(Beginning of Stored data)

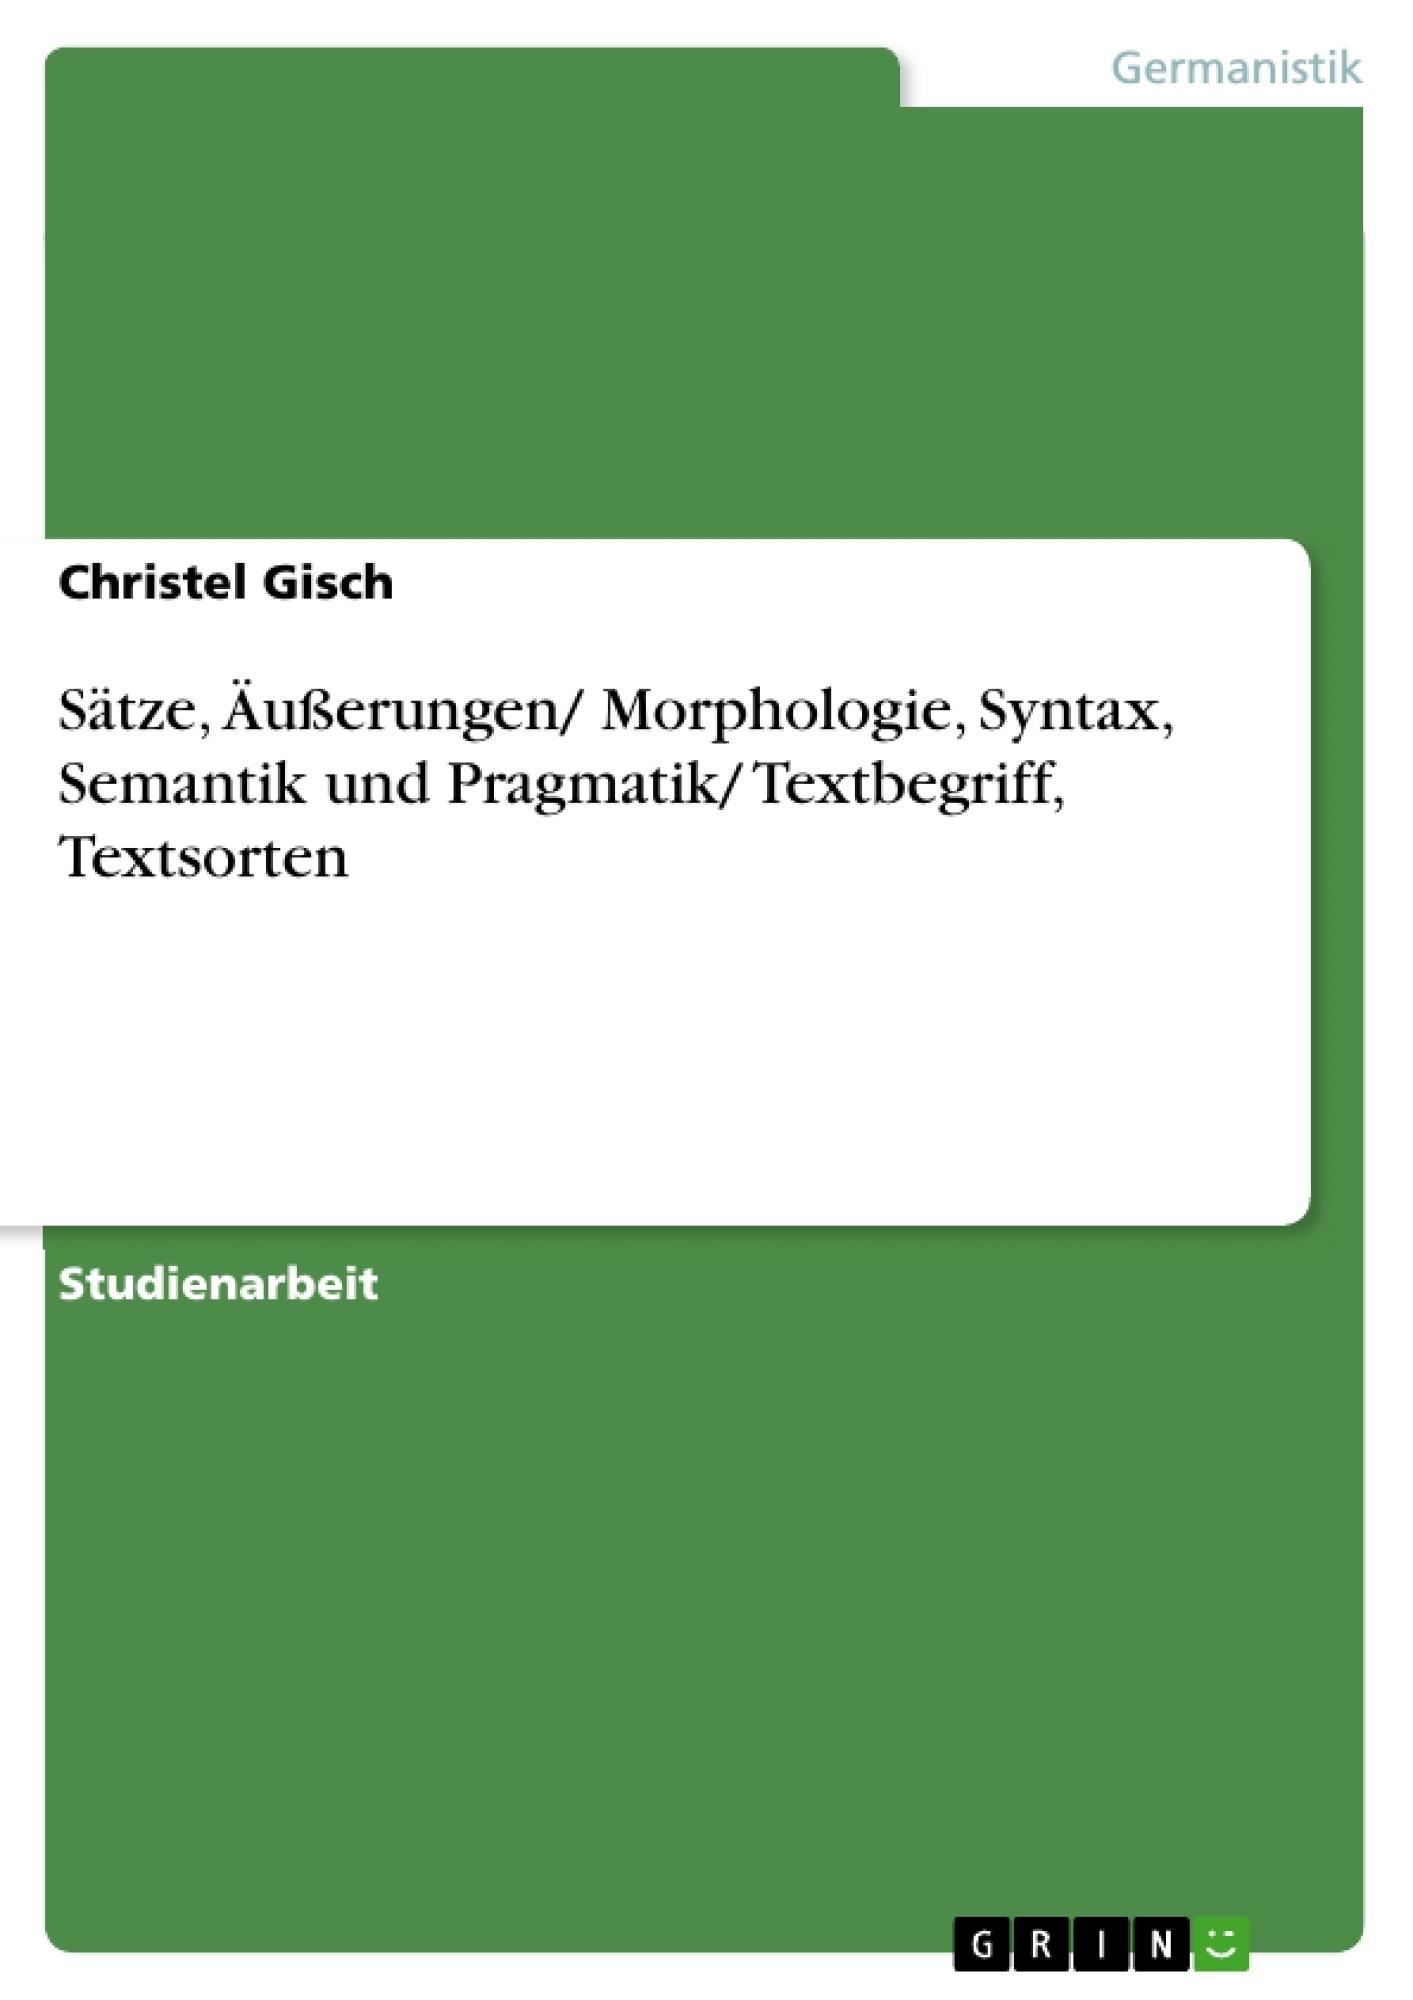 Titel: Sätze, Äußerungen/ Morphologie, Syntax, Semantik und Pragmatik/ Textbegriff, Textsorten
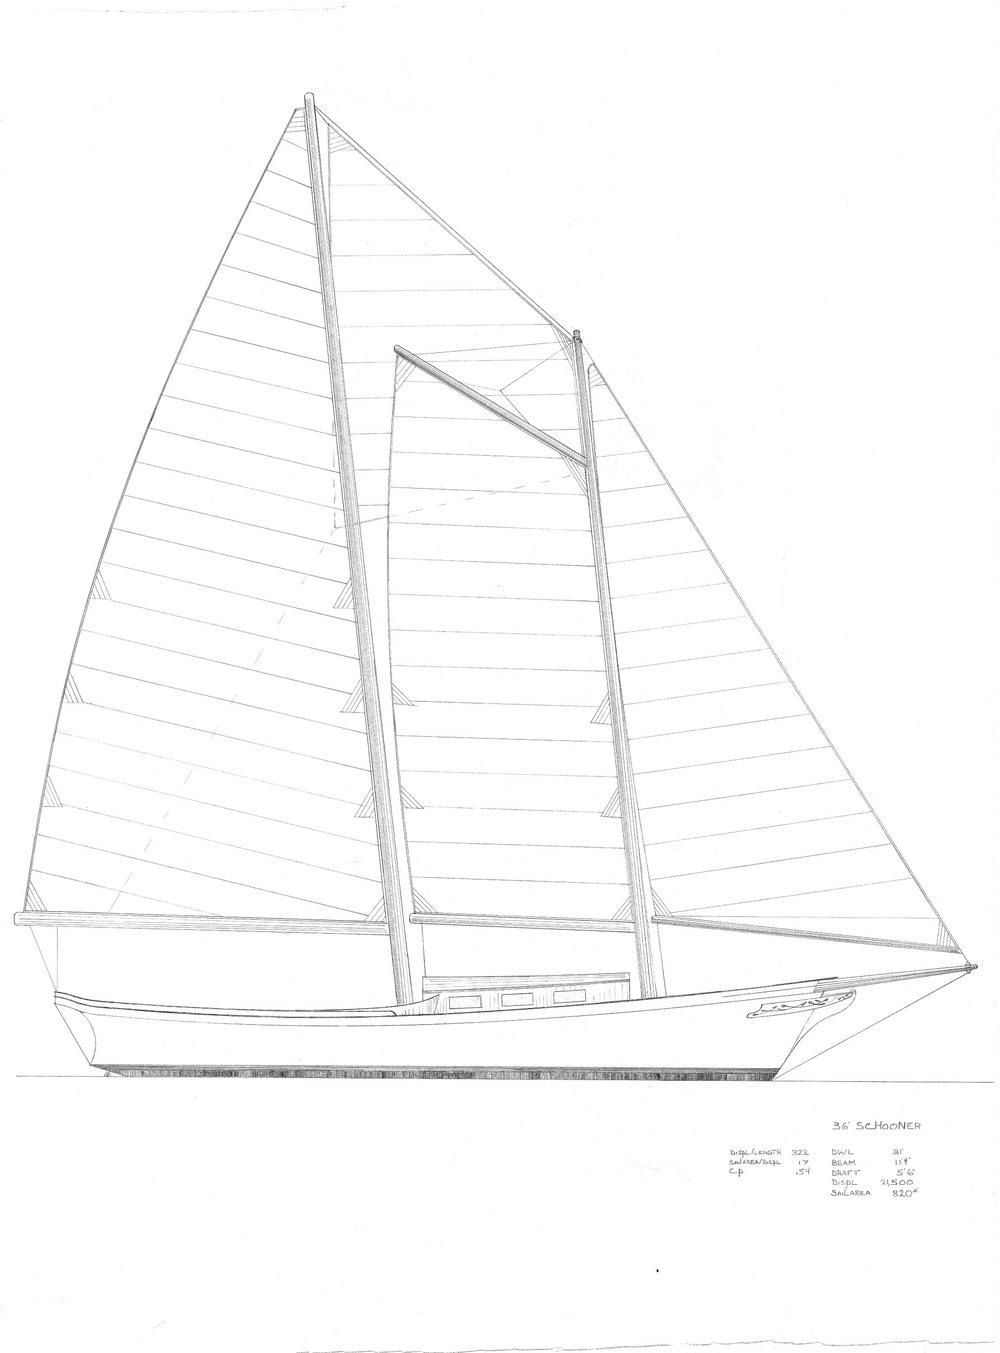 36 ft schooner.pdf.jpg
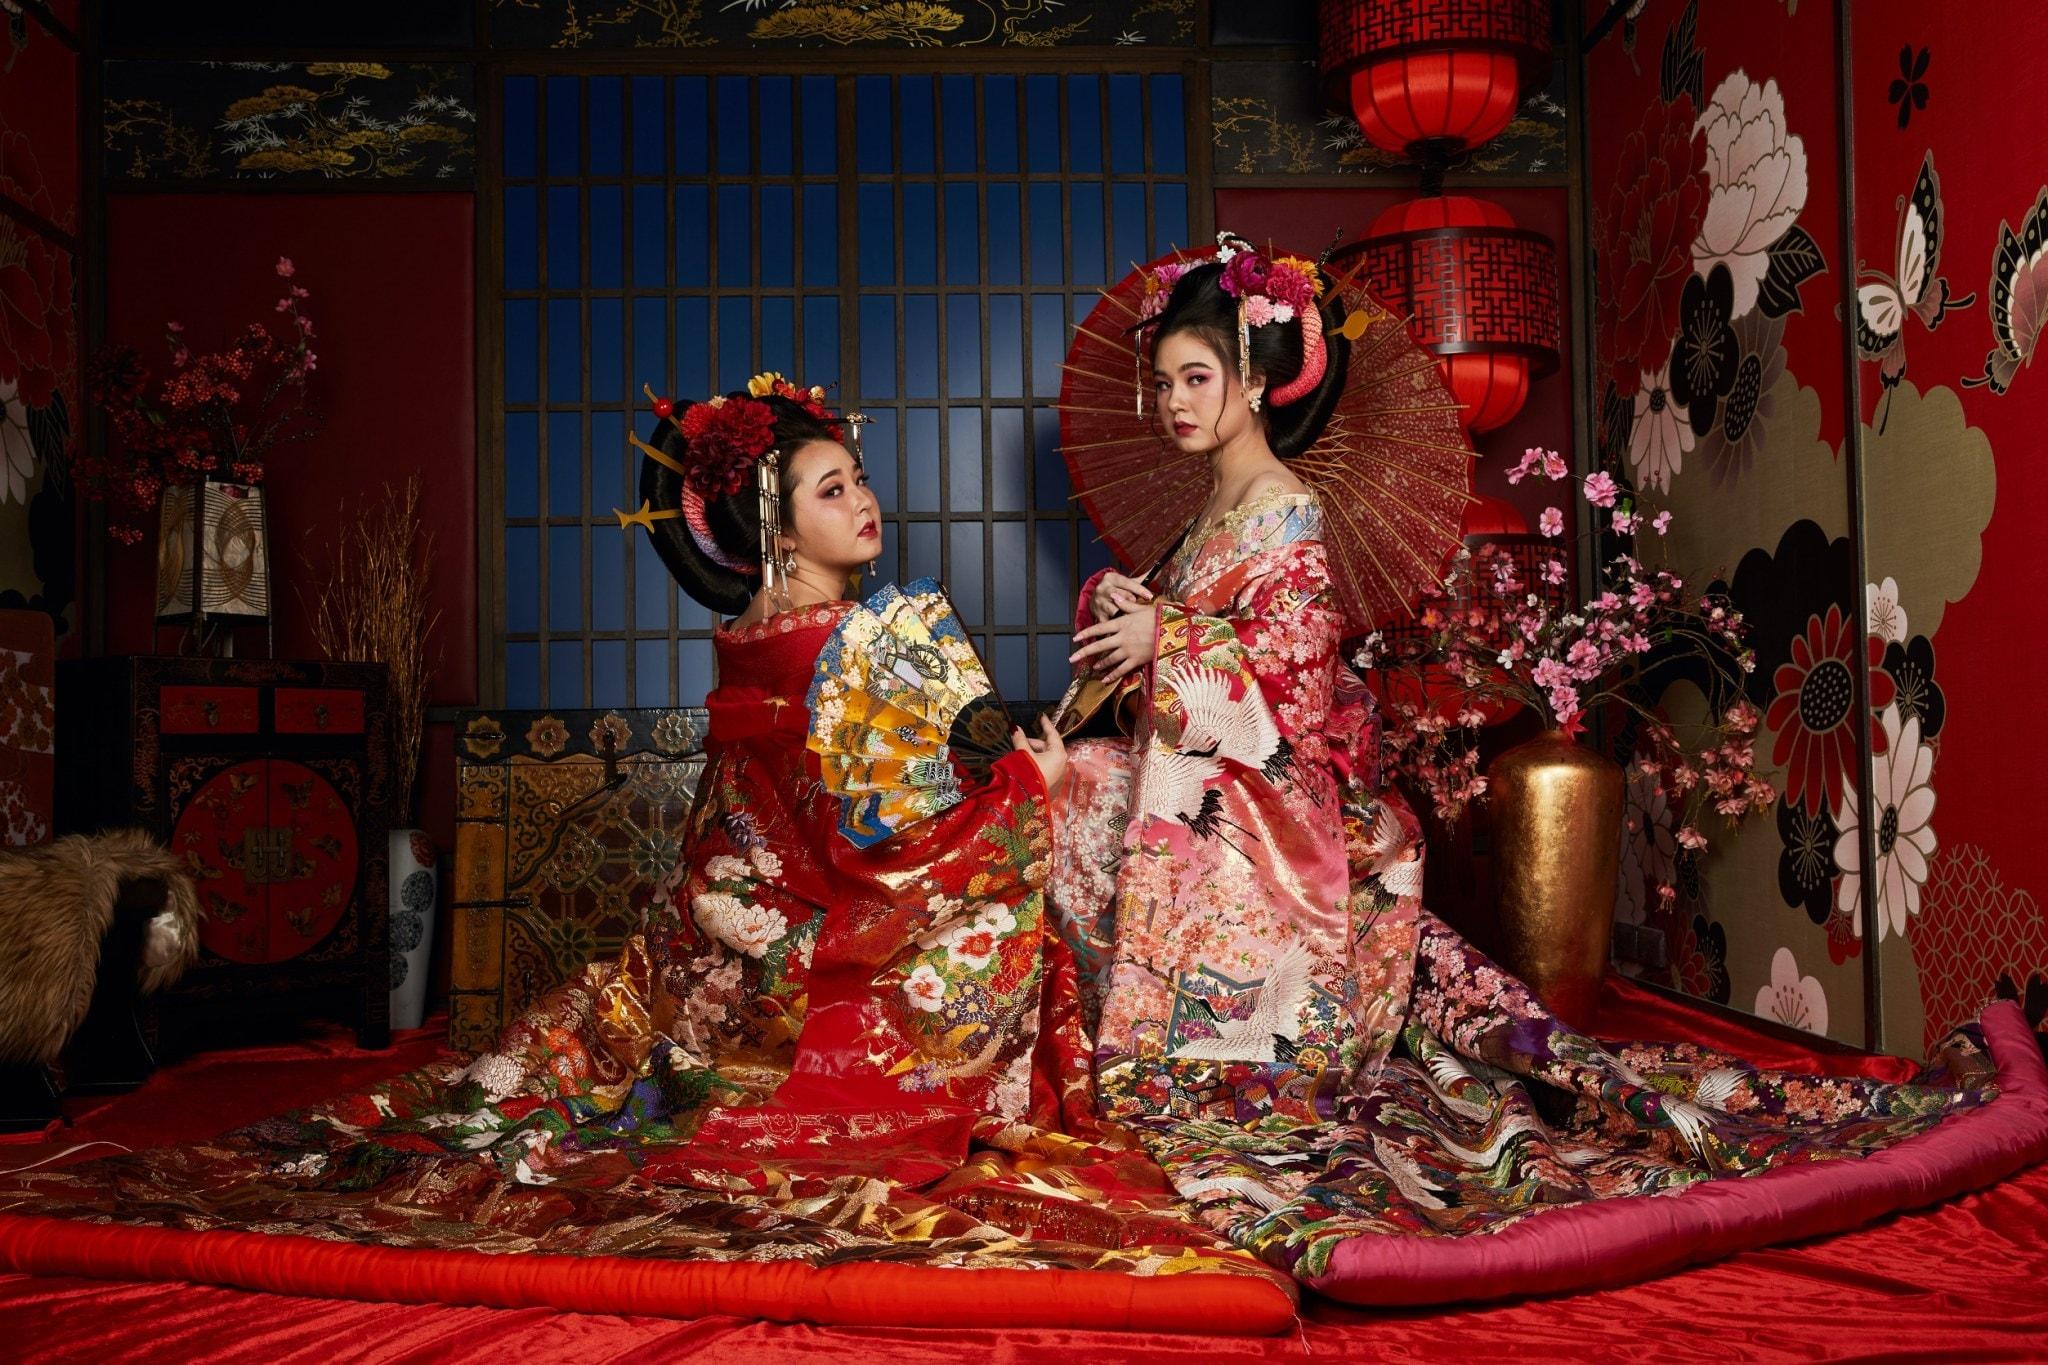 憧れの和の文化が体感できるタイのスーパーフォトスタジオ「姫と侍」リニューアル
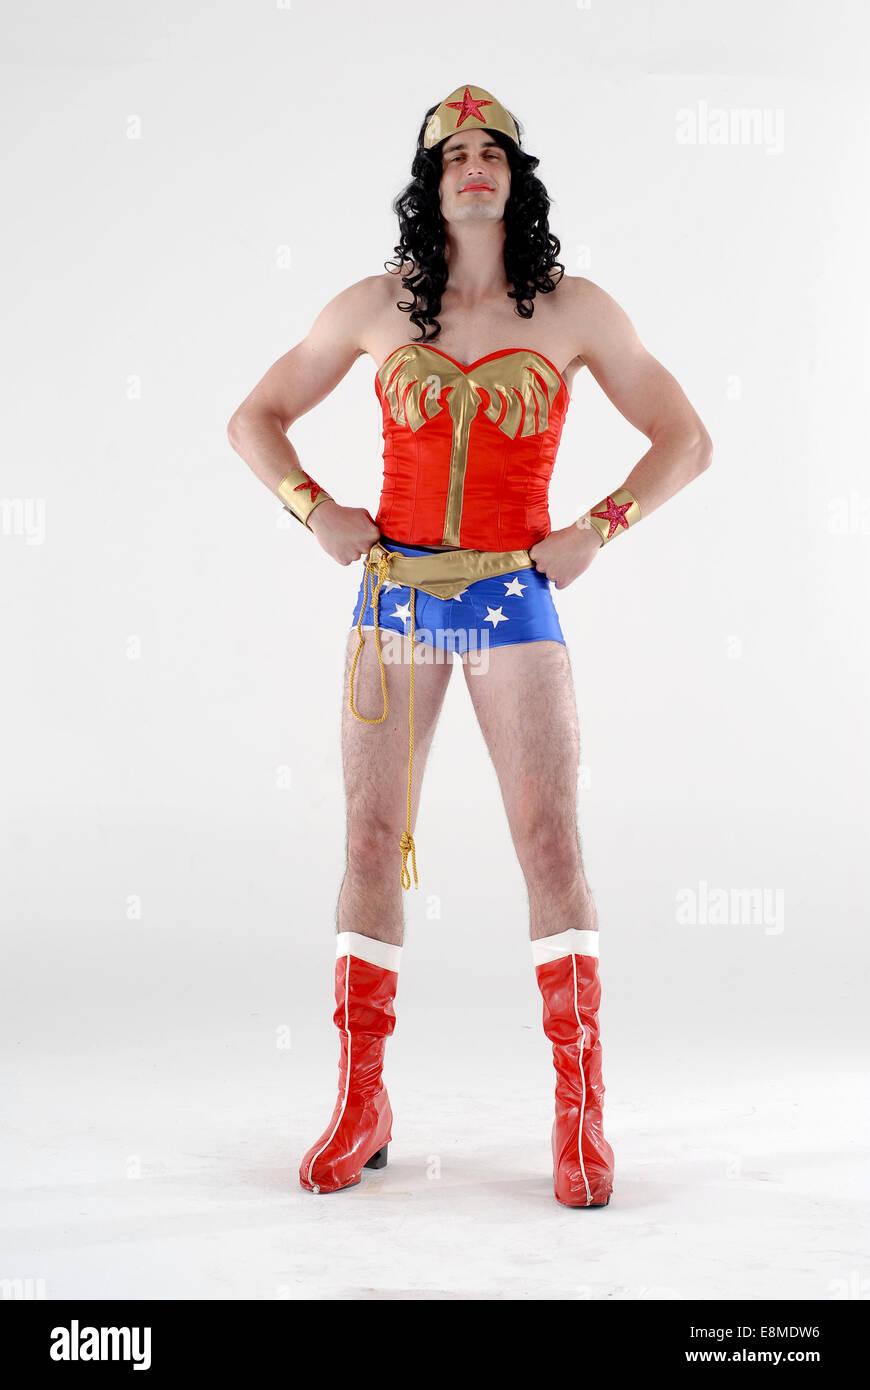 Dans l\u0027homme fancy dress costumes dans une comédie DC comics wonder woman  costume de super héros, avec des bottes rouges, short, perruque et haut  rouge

(End of Stored data)

## Exercise details
In your answer, set down the full listing word for word and include no pictures.

## Problem solution
 Titel: Sätze, Äußerungen/ Morphologie, Syntax, Semantik und Pragmatik/ Textbegriff, Textsorten
 36 ft schooner.pdf.jpg
 憧れの和の文化が体感できるタイのスーパーフォトスタジオ「姫と侍」リニューアル
 Dans l\u0027homme fancy dress costumes dans une comédie DC comics wonder woman  costume de super héros, avec des bottes rouges, short, perruque et haut  rouge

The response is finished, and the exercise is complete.